▸ **Exercise details**
Copy out the whole listing exactly as written, leaving the pictures behind.

▸ **Records to use**
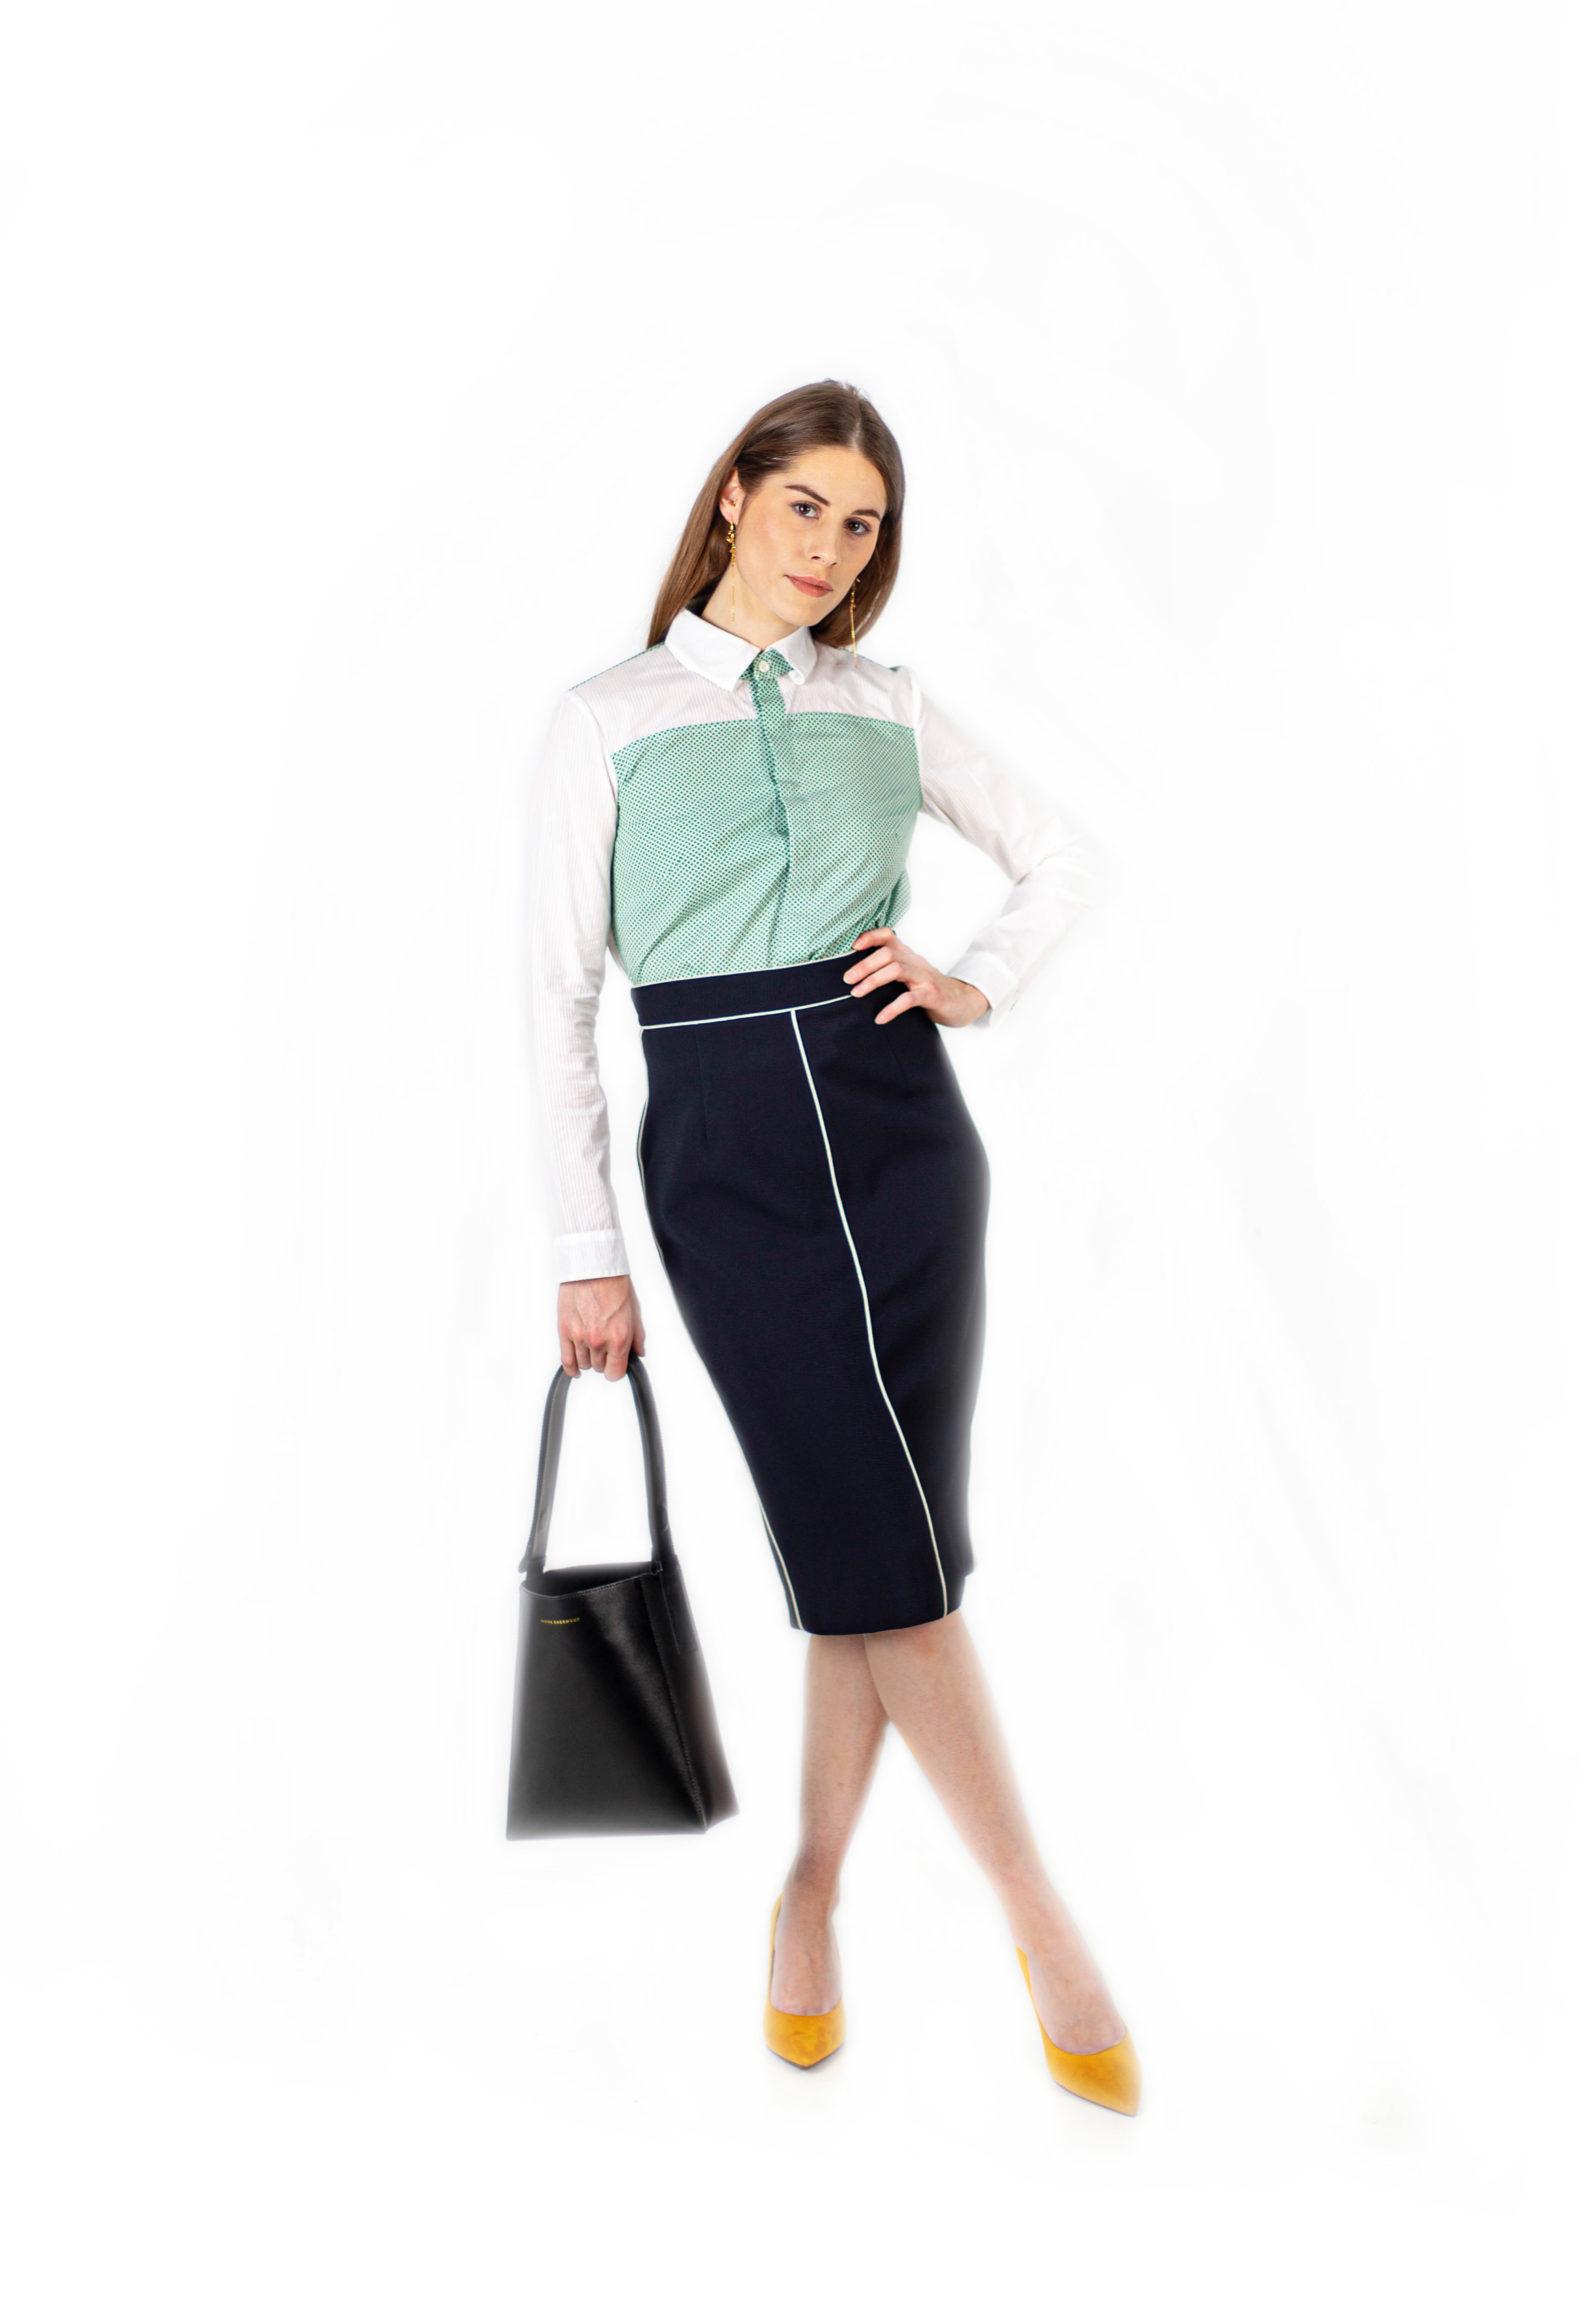 Renee bicolor green shirt-Chemise Renee Verte-1-chemise-femme-bicolore-affaires-etrangeres-camille-wagner
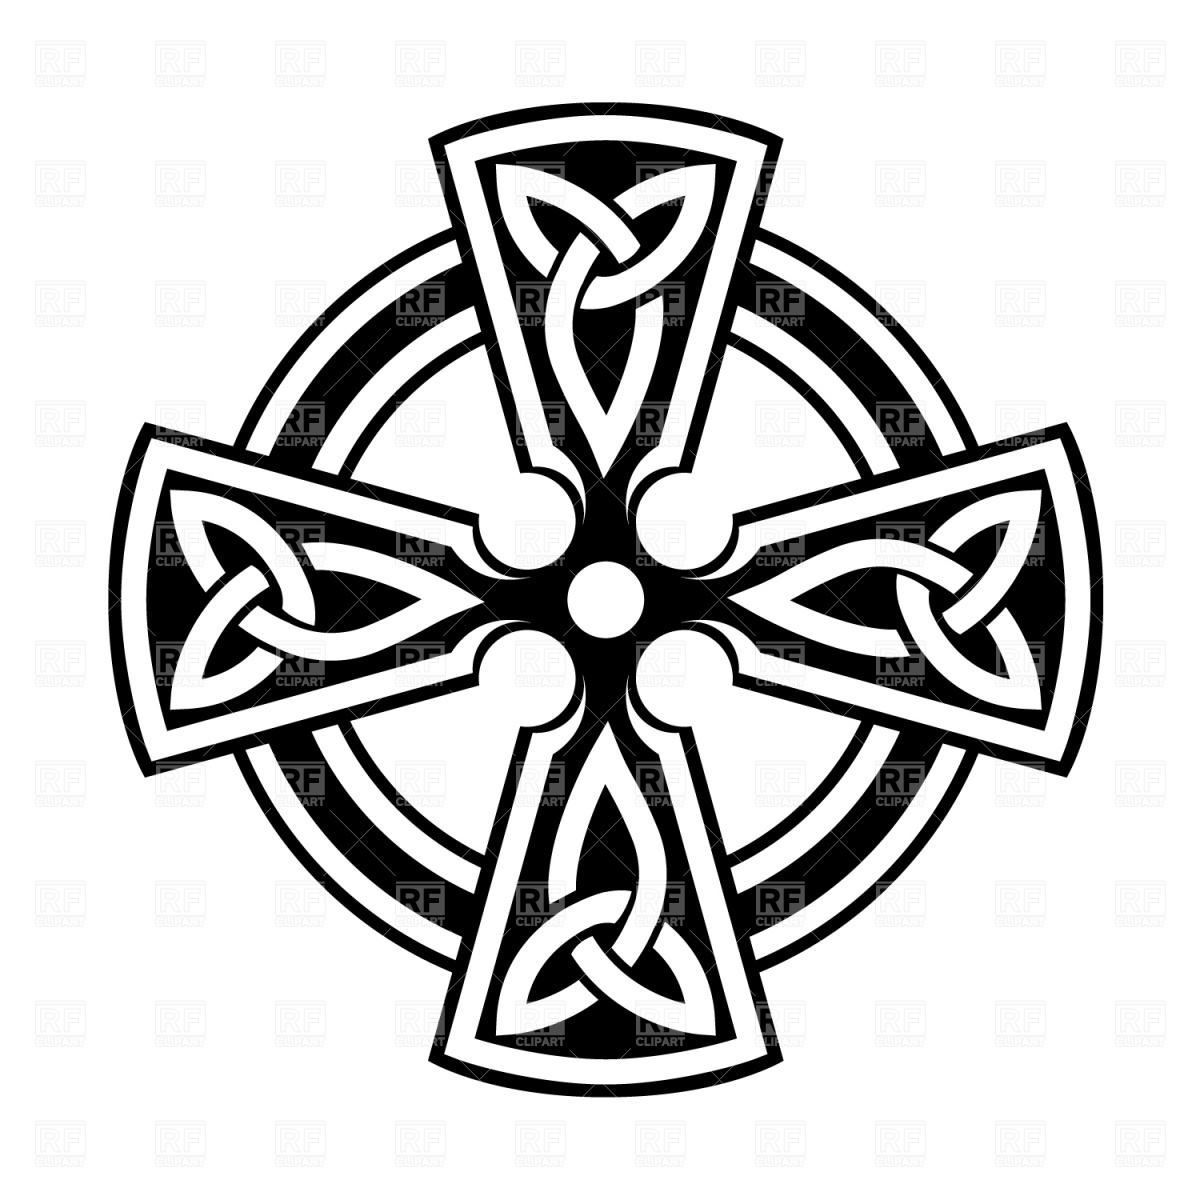 Celtic clipart free image Simple Celtic Cross Clip Art   Clipart Panda - Free Clipart Images image
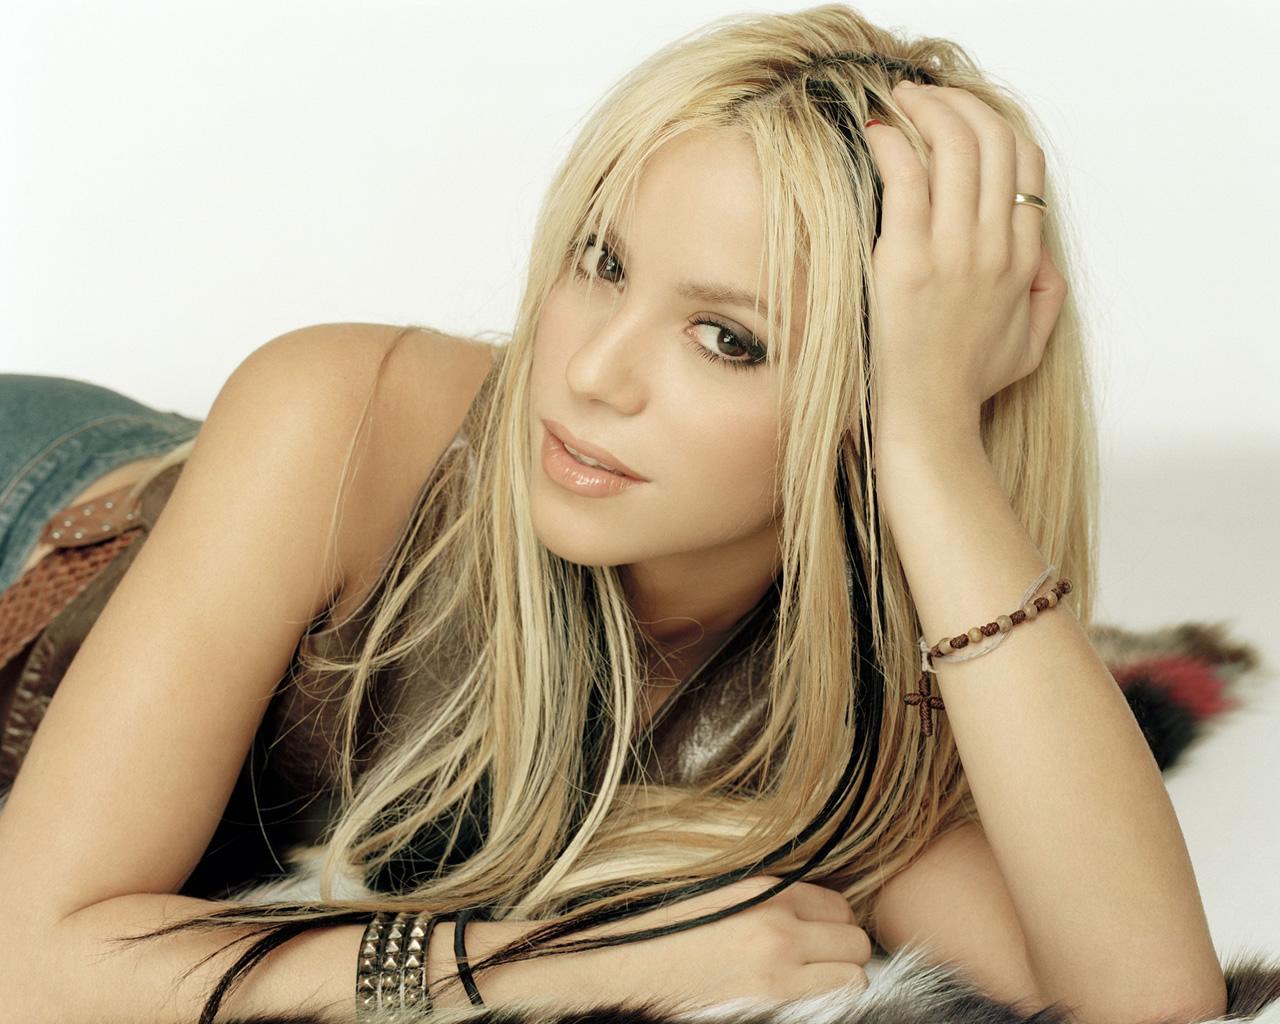 http://4.bp.blogspot.com/-Yi6QM_cF3T4/Tkc5ney976I/AAAAAAAABgo/7kHMTxIO8eQ/s1600/Shakira+%25281%2529.jpg
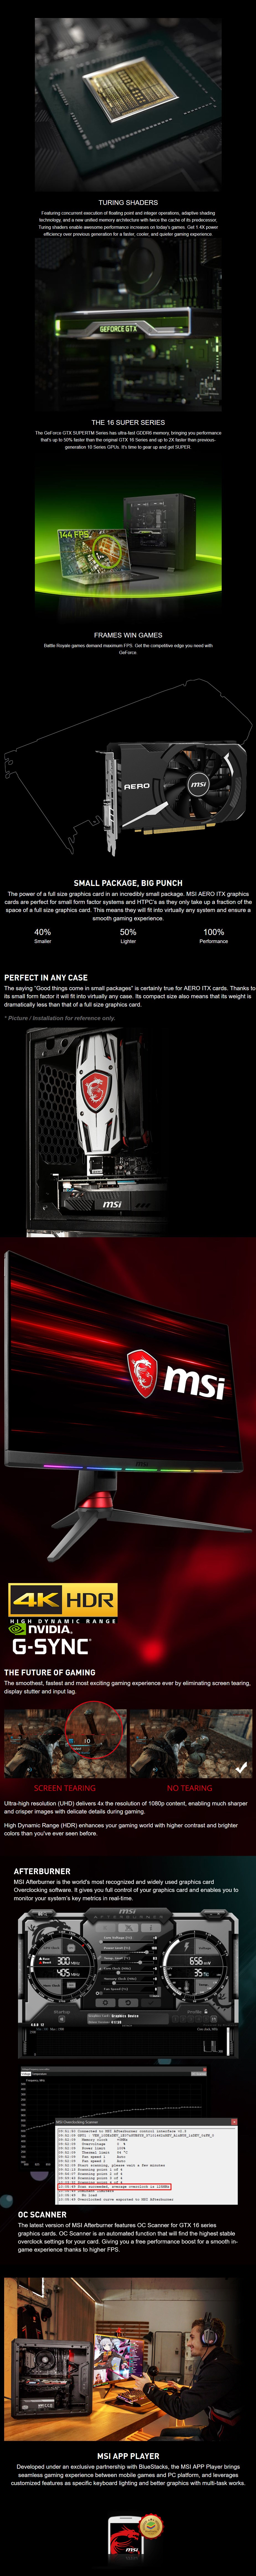 MSI GeForce GTX 1650 SUPER AERO ITX OC 4GB Video Card - Overview 1
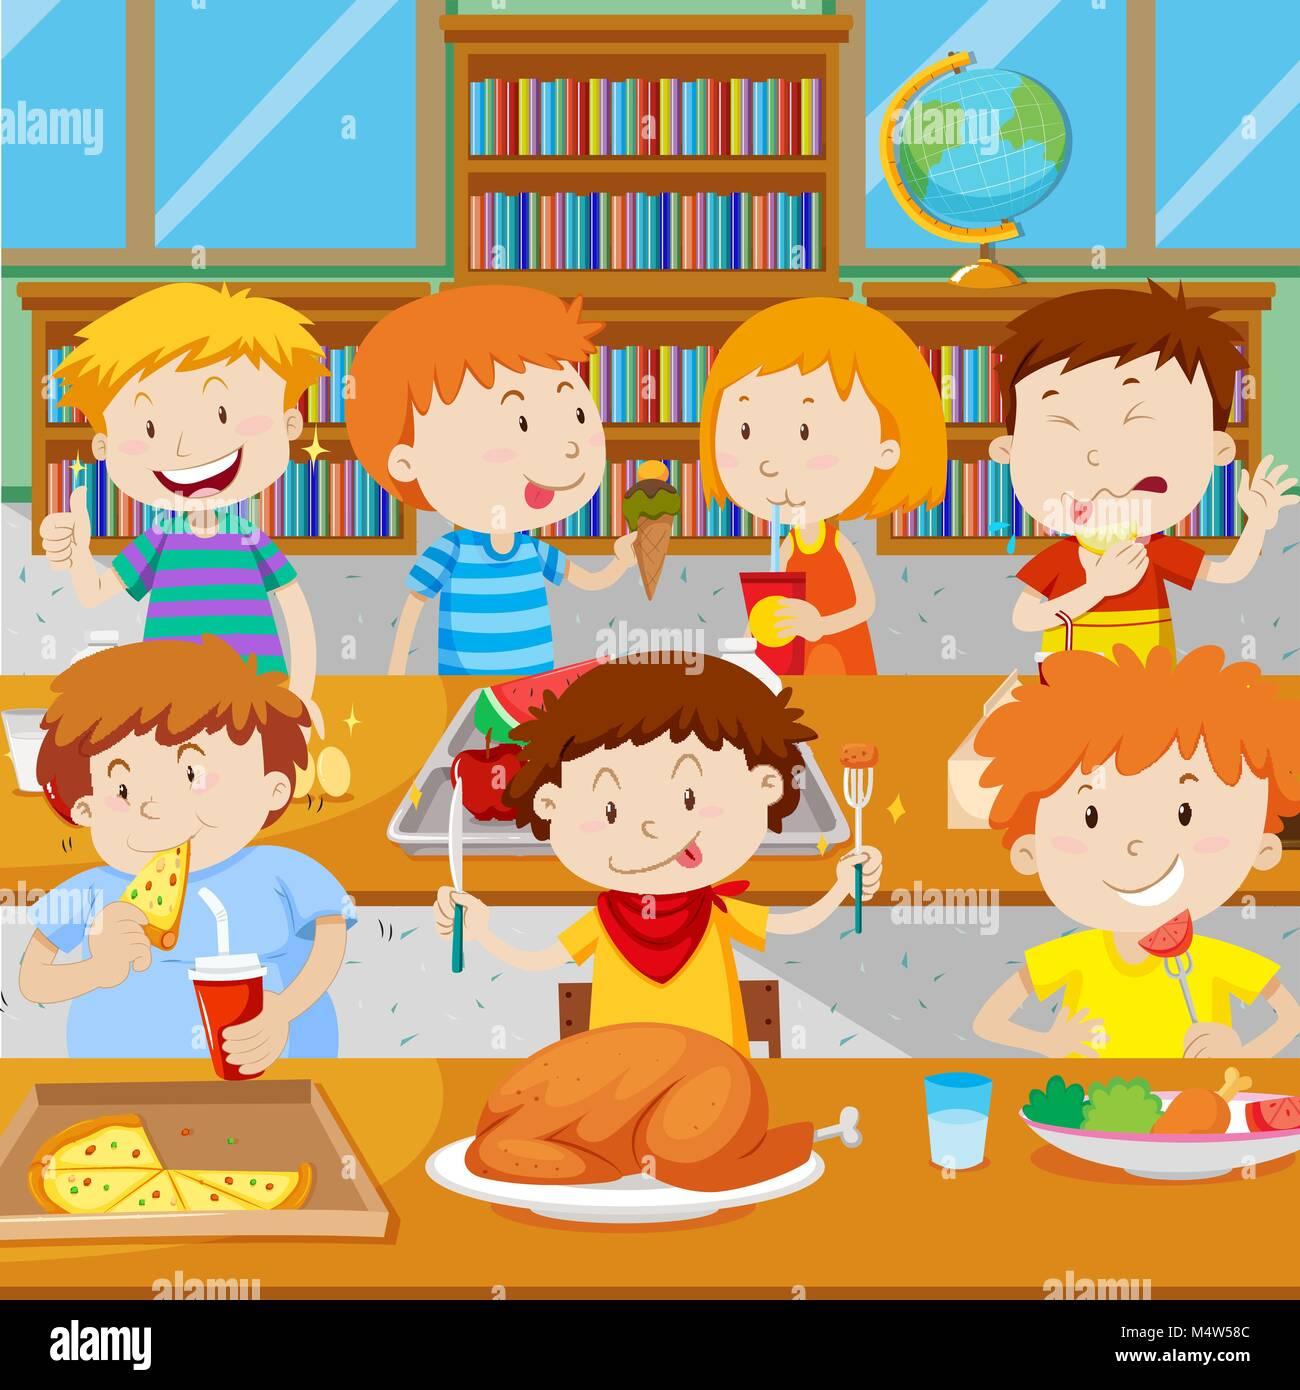 school canteen stock vector images - alamy

▸ **Written answer**
 Renee bicolor green shirt-Chemise Renee Verte-1-chemise-femme-bicolore-affaires-etrangeres-camille-wagner
 Celtic clipart free image Simple Celtic Cross Clip Art   Clipart Panda - Free Clipart Images image
 http://4.bp.blogspot.com/-Yi6QM_cF3T4/Tkc5ney976I/AAAAAAAABgo/7kHMTxIO8eQ/s1600/Shakira+%25281%2529.jpg
 MSI GeForce GTX 1650 SUPER AERO ITX OC 4GB Video Card - Overview 1
 school canteen stock vector images - alamy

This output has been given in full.